So I have been introducing some of the thoughts of a living, orthodox bishop, namely the former Cardinal Ratzinger, in order to inspire us in our present troubles. The quote at the beginning of this article could have come directly from the meditations and prayers of Lancelot Andrewes, the 17th century old saintly Bishop of Winchester and one of Anglicanism's unsung heroes. But I have included the quote because we need to hear it from a living bishop or shepherd of Christ's flock.
The fact that we are separated brethren -- Benedict leading the Church of Rome and we as a part of whatever we might call ourselves now -- is not pertinent. Spiritually, we are united to those who walk by our side and guide us towards the Kingdom of the Saviour. We need to be inspired by living elders as well as the dead in our journey. We need to have Christ mature in the flesh because we are weak.
Today Benedict teaches us that we must be willing to acknowledge our guilt, our sins, and our failure to follow God. Only then can we hope to be filled with God's forgiveness and love. Benedict said it recently; Andrewes said it long ago. They are part of the same project and cut from the same cloth. The cloth is the rent and torn garment of humanity.
The cloth is sullied and dirtied by pretension, pride, and vain-glory. Andrewes knew it in the 17th century, and Benedict knows it today. Andrewes prayed for forgiveness and redemption as Benedict does today. One was an Anglican, and the other is a Roman Catholic. Both have taken on the burden of truth and offer of salvation in order to help us know and experience the presence of Jesus. With them, we all must "acknowledge our guilt" in order to be "capable of improvement." †
May 8, 2005
The other evening I encountered an Episcopalian, who like most members of this ecclesial body, asserted that the church really was meant to be nothing more than the coming together of individuals for the purpose of community and fellowship. The idea is not a new one, and probably a frightening number of churchgoers share this view.

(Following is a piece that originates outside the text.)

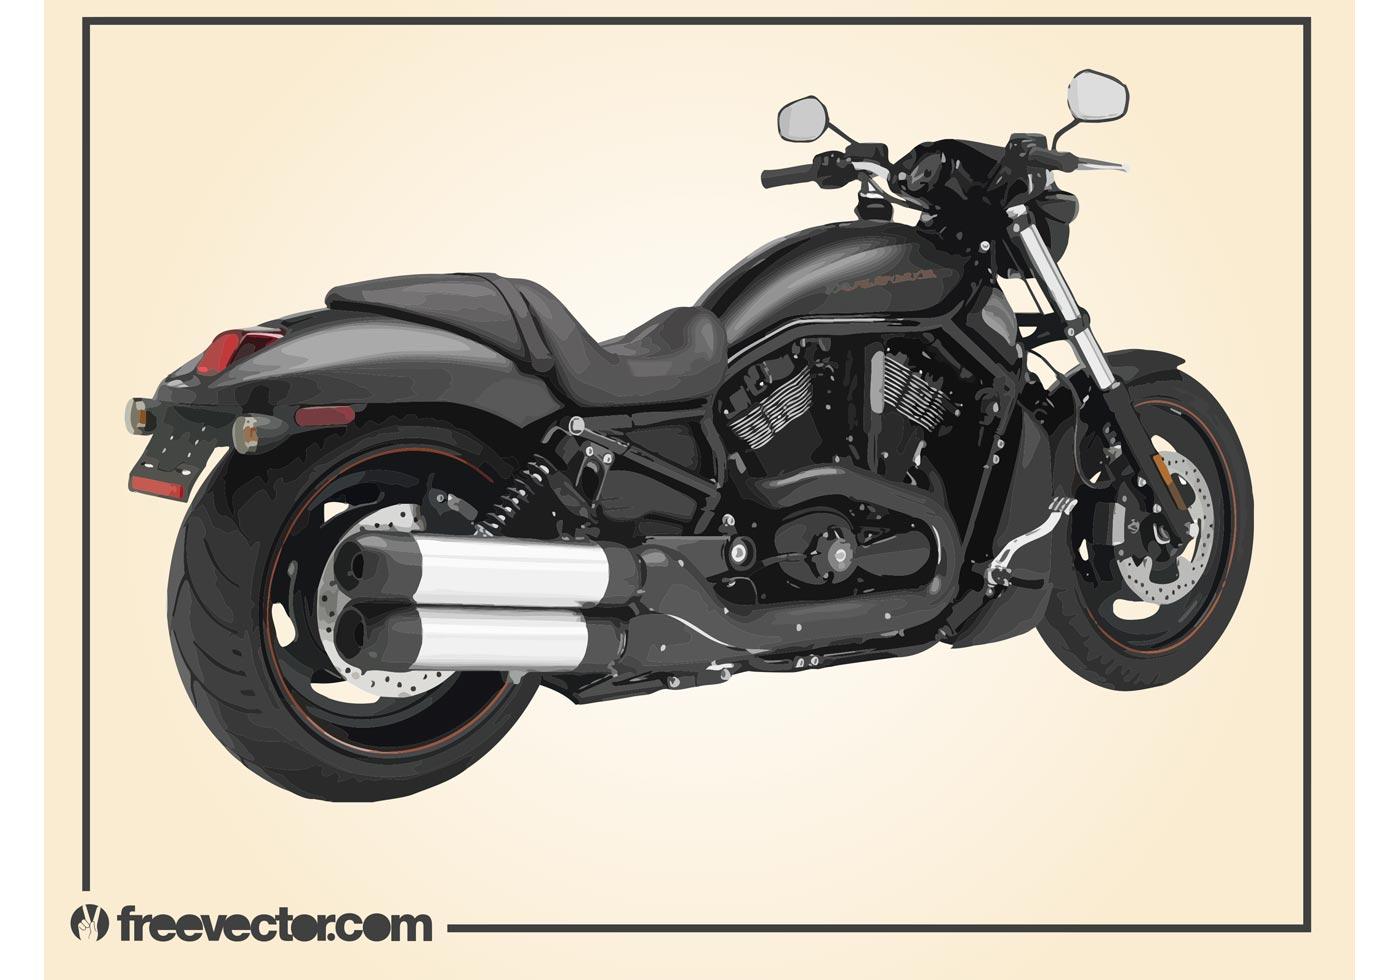 black harley davidson motorcycle download free vector. Black Bedroom Furniture Sets. Home Design Ideas
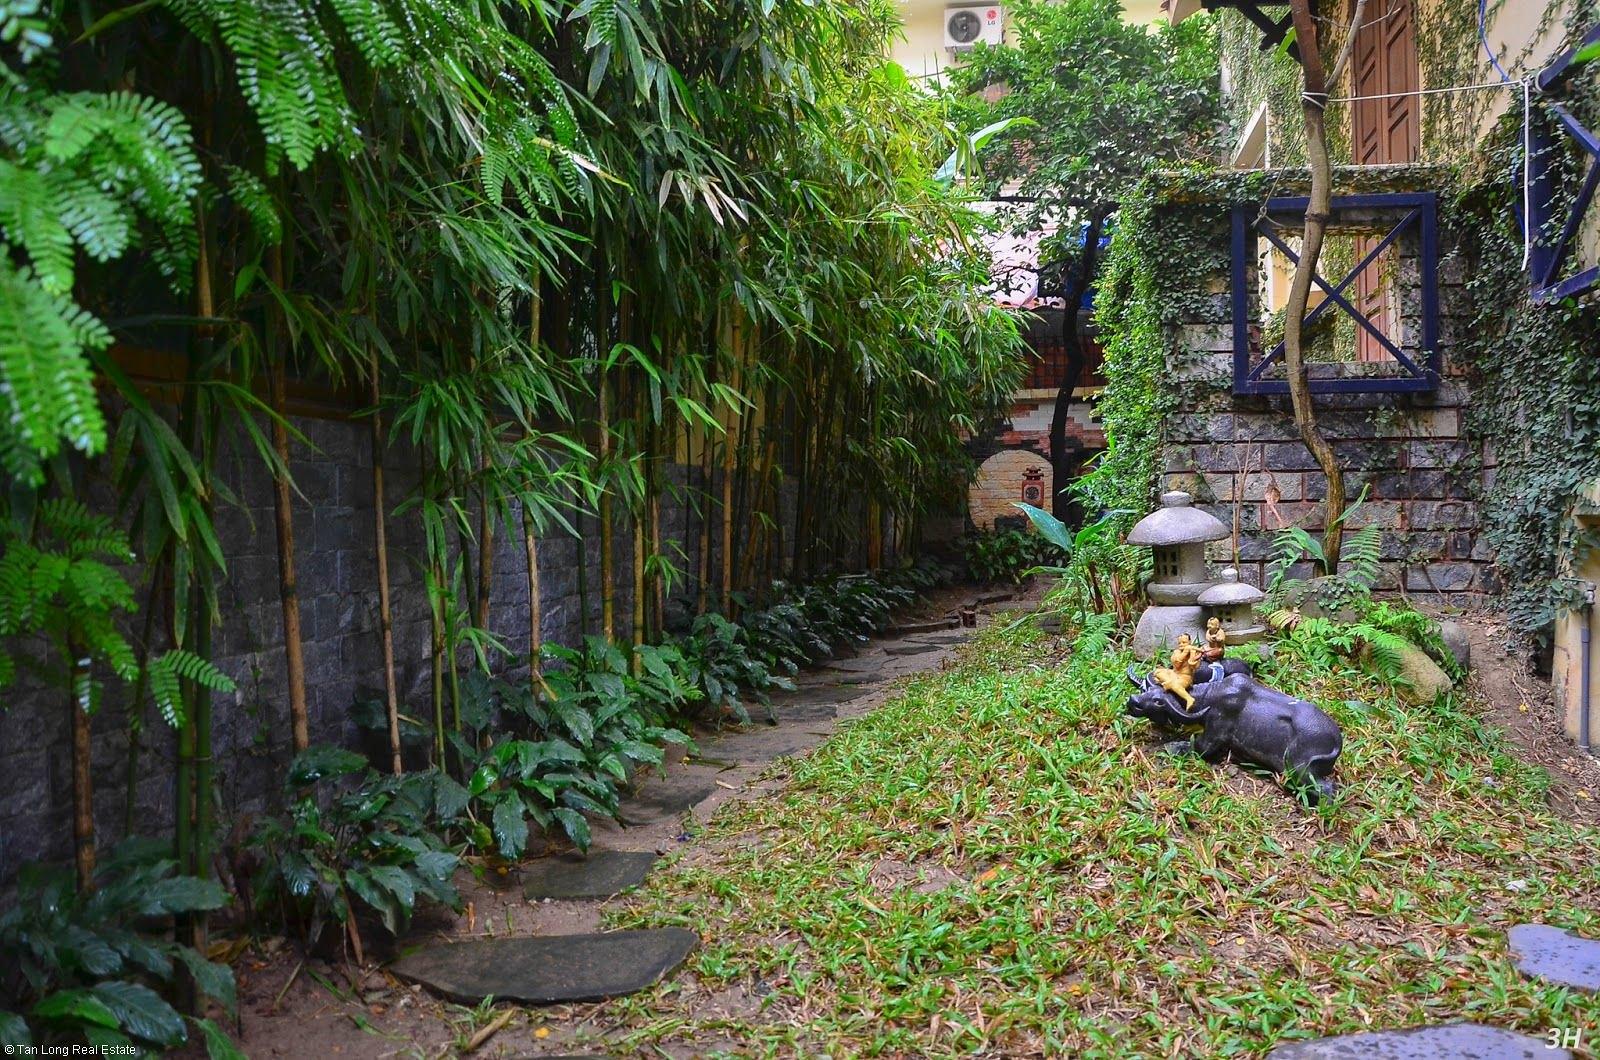 """Cho thuê căn hộ tại Văn Cao - một mẫu biệt thự vườn tại Hải Phòng  <img src=""""images/"""" width="""""""" height="""""""" alt=""""Công ty Bất Động Sản Tanlong Land"""">"""

It is usual for people to congregate together to be with old friends in familiar places that have marked the milestones of their lives. According to this view, the church is one of many social centers that bring people together to produce happiness.
As most of you know, this view cannot be deduced from Holy Scripture as the Church's primary meaning or purpose. The historical Church that issues forth out of the Apostolic community was not created as an ancient precursor to the Ladies' Bridge Club or the Kiwanis. Rather the body or ecclesia that was spiritually generated by the descending dove at Pentecost was called to be the new body or earthly essence of Jesus Christ.
In and through this new body of Christ, all men and women are called to transformation, conversion, and new life by the ever-living presence of Jesus Christ in His world. The Church is the entity or organism that calls together human beings who desire to experience crucifixion to sin and resurrection to new life, or who desire truth.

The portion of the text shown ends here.